The unrelieved amount is automatically carried forward to reduce the profits of the UK property business (so long as the business continues) for accounting periods ending after 6 April 2020, and before utilisation of any carried forward corporation tax loss.
The unrelieved amount is not a corporation tax loss and is therefore not subject to the 50% carry forward restriction (see below). The unrelieved amount cannot be surrendered as group relief, or be used to reduce other sources of income.
Any losses that arise post 6 April 2020 will be corporation tax losses and will be subject to the rules on corporation tax loss relief, which restricts the amount of the loss that can be utilised in an accounting period depending on a company’s level of profits and available deduction allowance.

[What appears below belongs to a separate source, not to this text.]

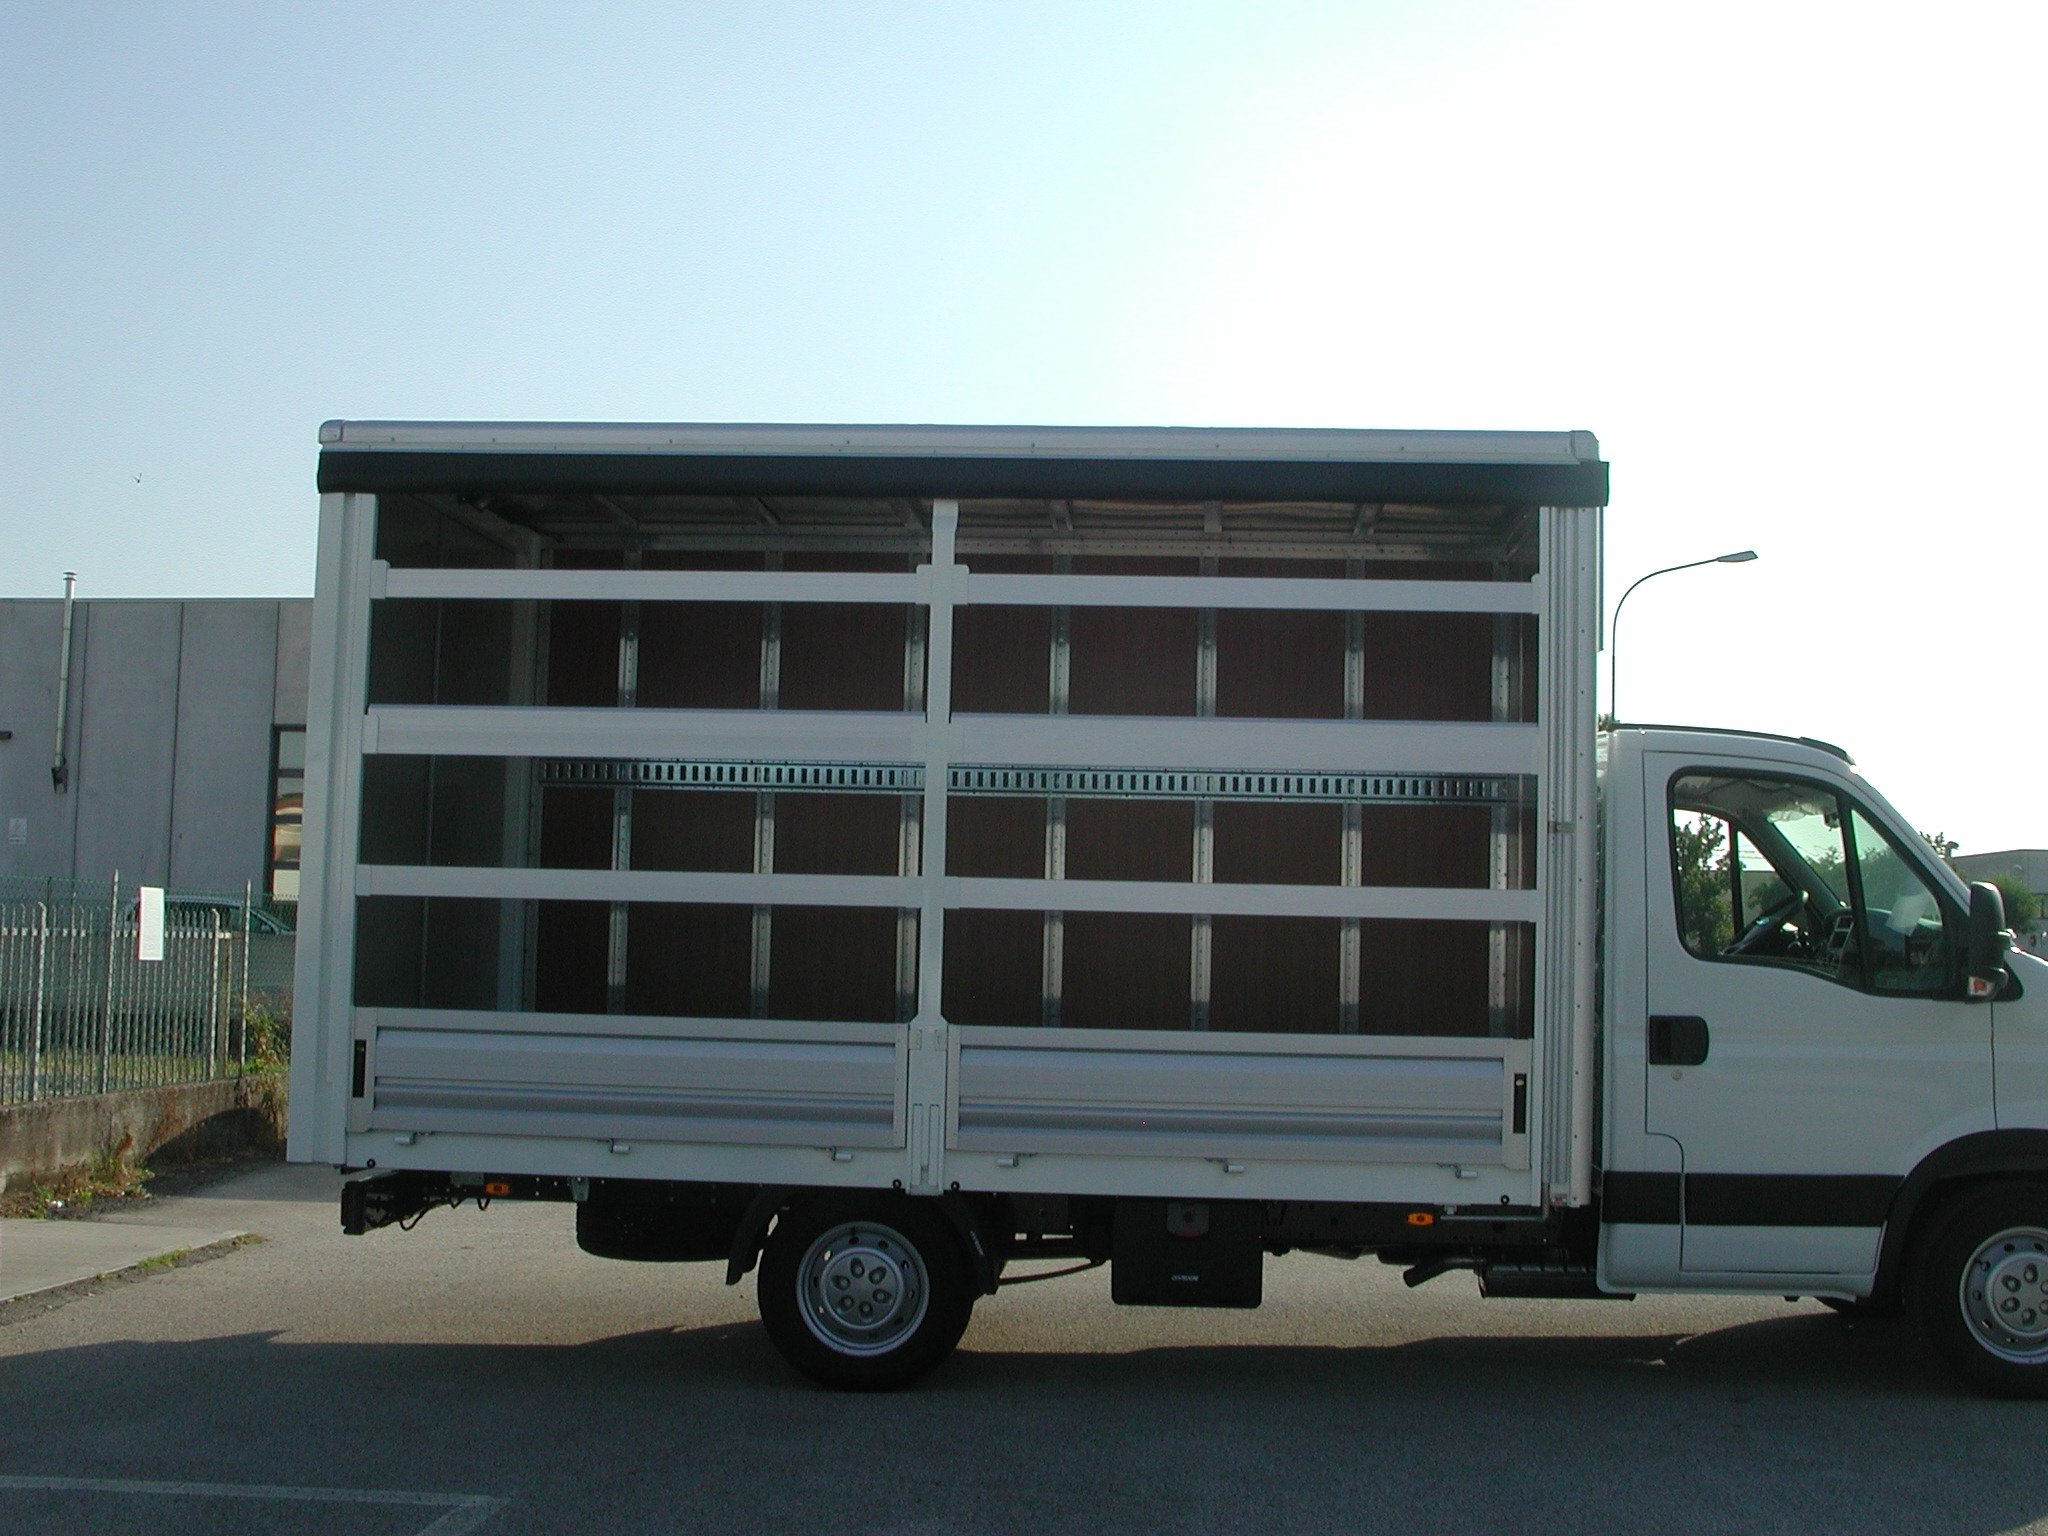 furgone speciale con anta laterale a scomparsa
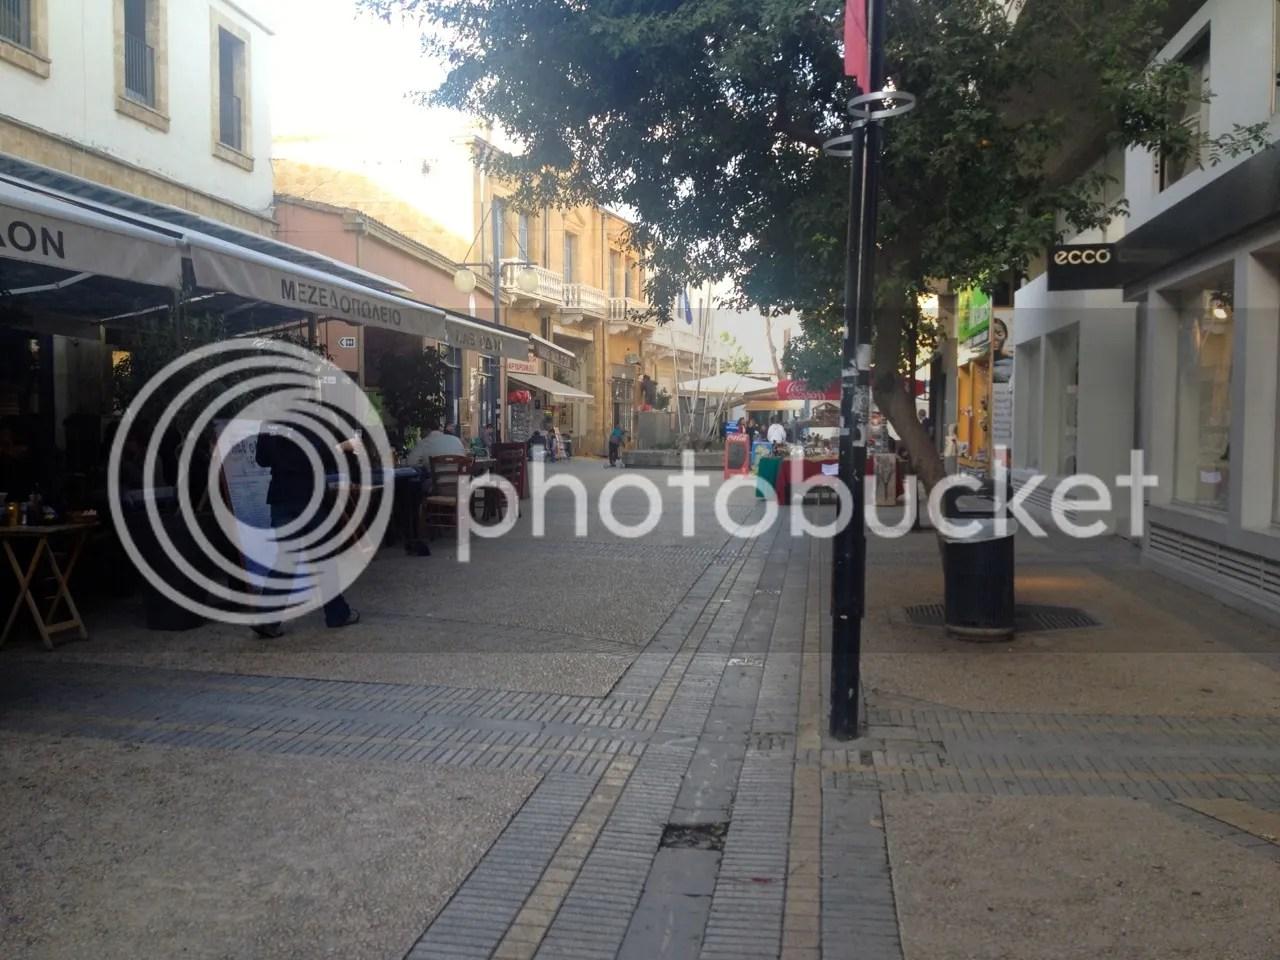 https://i2.wp.com/i181.photobucket.com/albums/x35/jwhite9185/Larnaca/file-119.jpg

Corporate Interest Reduction Scheme
For corporation tax purposes there is a limit (known as a corporate interest reduction) to the amount of tax relief available as a deduction for interest and other financing costs. This reduction only applies to companies or groups of companies that will deduct over £2 million in a 12 month period. If a company’s (or group of companies) net interest and financing costs are restricted, you must submit a Corporate Interest Restriction return within 6 months of the end of the accounting period.
To avoid the switch to corporation tax triggering a disposal for capital allowance purposes (with potential balancing adjustments) the legislation removes the section which otherwise treats a company as permanently ceasing to carry on a UK property rental business if it ceases to be within the charge to income tax. Therefore the switch to corporation tax is not a capital allowances disposal event.
Any capital allowances at 5 April 2020 will be transferred to the new corporation tax regime and can continue to be claimed by the offshore company in the future.
Administration and Compliance Issues
– HMRC will write to offshore companies during 2019 to inform them of the switch and to provide a corporation tax reference number. This will satisfy the requirement to notify chargeability to corporation tax and means companies will not need to apply for corporation tax references.
– Online filing of corporation tax returns must include accounts and tax computations. The accounts will need to be in iXBRL format with iXBRL tags which is likely to be an additional cost to the company.
– Corporation tax payments are due within 9 months of the end of an accounting period, which is 3 months before the CT600 is due. (With the exception of large companies whose profits are over the ‘upper limit’ currently of £1.5million who must pay by instalments.)
– Tax advisers will need to obtain new client authorities to be able to deal with HMRC in respect of the company’s corporation tax affairs. Any authorities that are currently in place for income tax will not cover corporation tax.
From 6 April 2020 non-UK resident companies with UK rental income will benefit from the lower corporation tax rate of 17% (compared to the current 20%). However, taxpayers need to be aware of the potential increase in compliance costs. In addition the rental profits of such companies will be calculated using corporation tax rules and as a result of these changes, taxable rental profits may be higher under the corporation tax regime than they would have been under the income tax regime.
Directors of companies should start thinking about the potential implications arising as a result of these changes and consider what needs to be done in advance of April 2020 to plan for this and to satisfy the new compliance requirements.